Review by mrdude (2005-09-01)
(although I don't include spoilers for this specific book those who have not read the previous three ender wiggin books would be much happier if they did not read this review)

It is a rare occurrence for me to actually complete a series, despite my endless reading of them. So it is a very bittersweet feeling when I actually come to the end of one. I was insanely worried that this one would end in disaster. No I am not referring to the storyline when I say this, I shall definitely leave that unsaid, but after reading Xenocide I thought card had lost my interest. Low and behold this volume was quite redeeming for me.

I am sure some of the credit is due to me shying away from the series for a bit, as I think the enders series (books 2 through 4 anyhow) are somewhat repetitious; but when staggered apart a bit can be highly enjoyable. There is also the added benefit of the resolution that comes at an end of a series, weather the reader enjoys the outcome or not, there is a sense of finality, and card tends to not disappoint in such matters.

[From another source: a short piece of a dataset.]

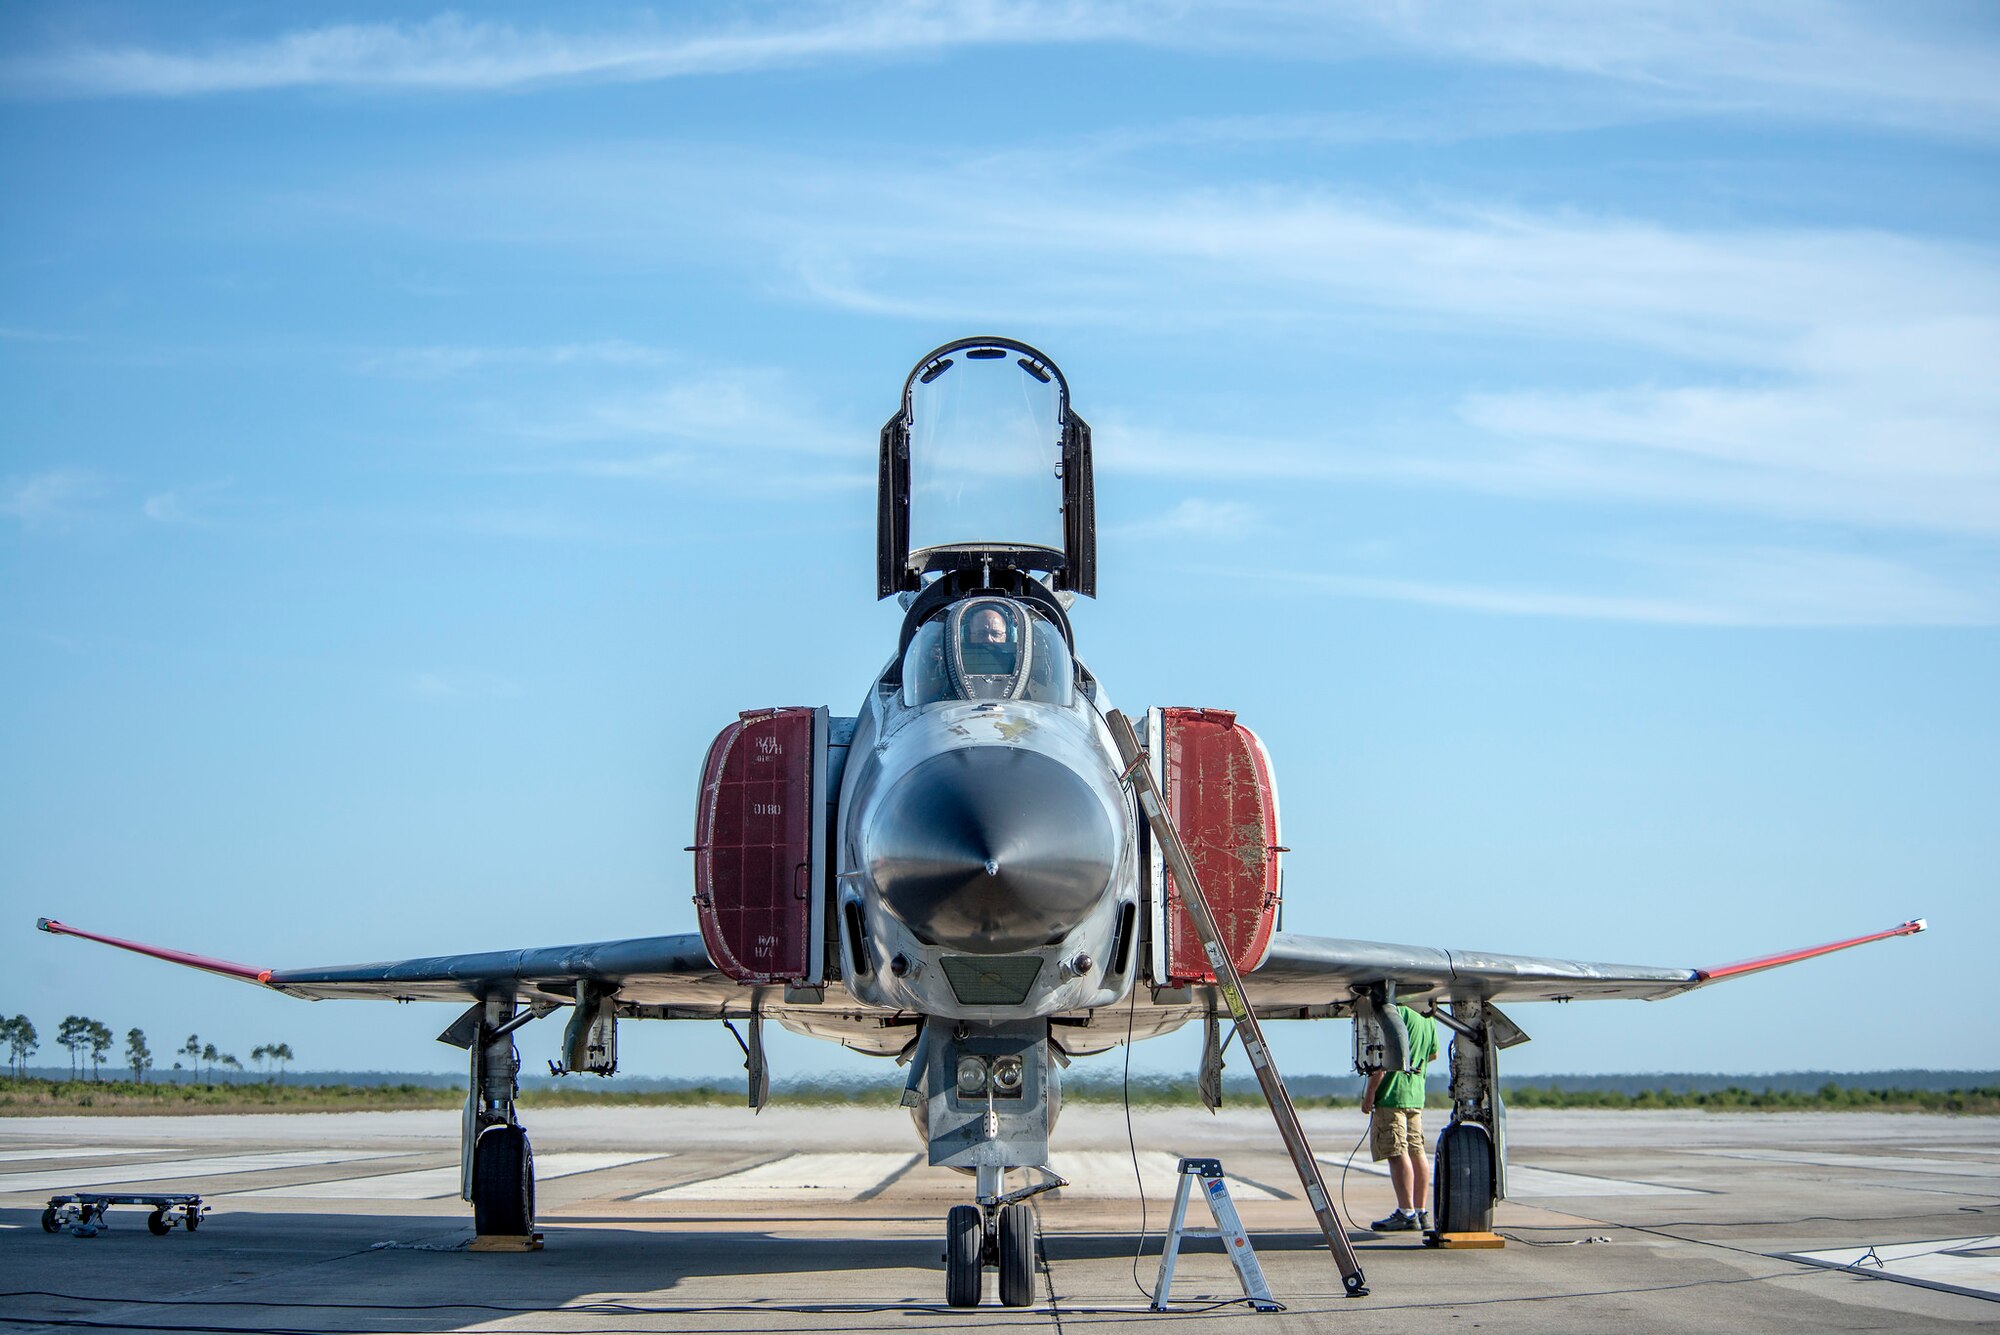 Since 1995, members of the 82nd Aerial Target Squadron at Tyndall Air Force Base, Florida, have been taking F-4s from the Boneyard and converting them into a remotely piloted aircraft, designed to be shot down pilots in training exercises.

The book follows a very similar style to previous books in the series, although I seem to always want to exclude the first book, Enders Game, from such lists because it does differ much from it's sequels. As in all of the Ender books each chapter is started by a quotation, this time around being those of Han Quin-joa, from the previous book Xenocide. Unlike the previous books these quotations don't seem to fit quite well with the story line, and for myself, acted more as a re-iteration of already solved conflicts in the previous novel.

The story itself strays some from that of ender wiggin, and although he does play integral parts in the story, other characters seemed to shine through more. I was especially surprised at the immense development of Jane's character, although much of the story line further explains the peter and Val characters created in the previous book as well. This novel also shows more of card's interest in Asian cultures, this time centering somewhat around the Japanese, where he even goes as far as to make parallels with current Japanese history and his story line. Overall this is an excellent conclusion to a superb series and I lament somewhat at not being able read a continuation of this fantastical future.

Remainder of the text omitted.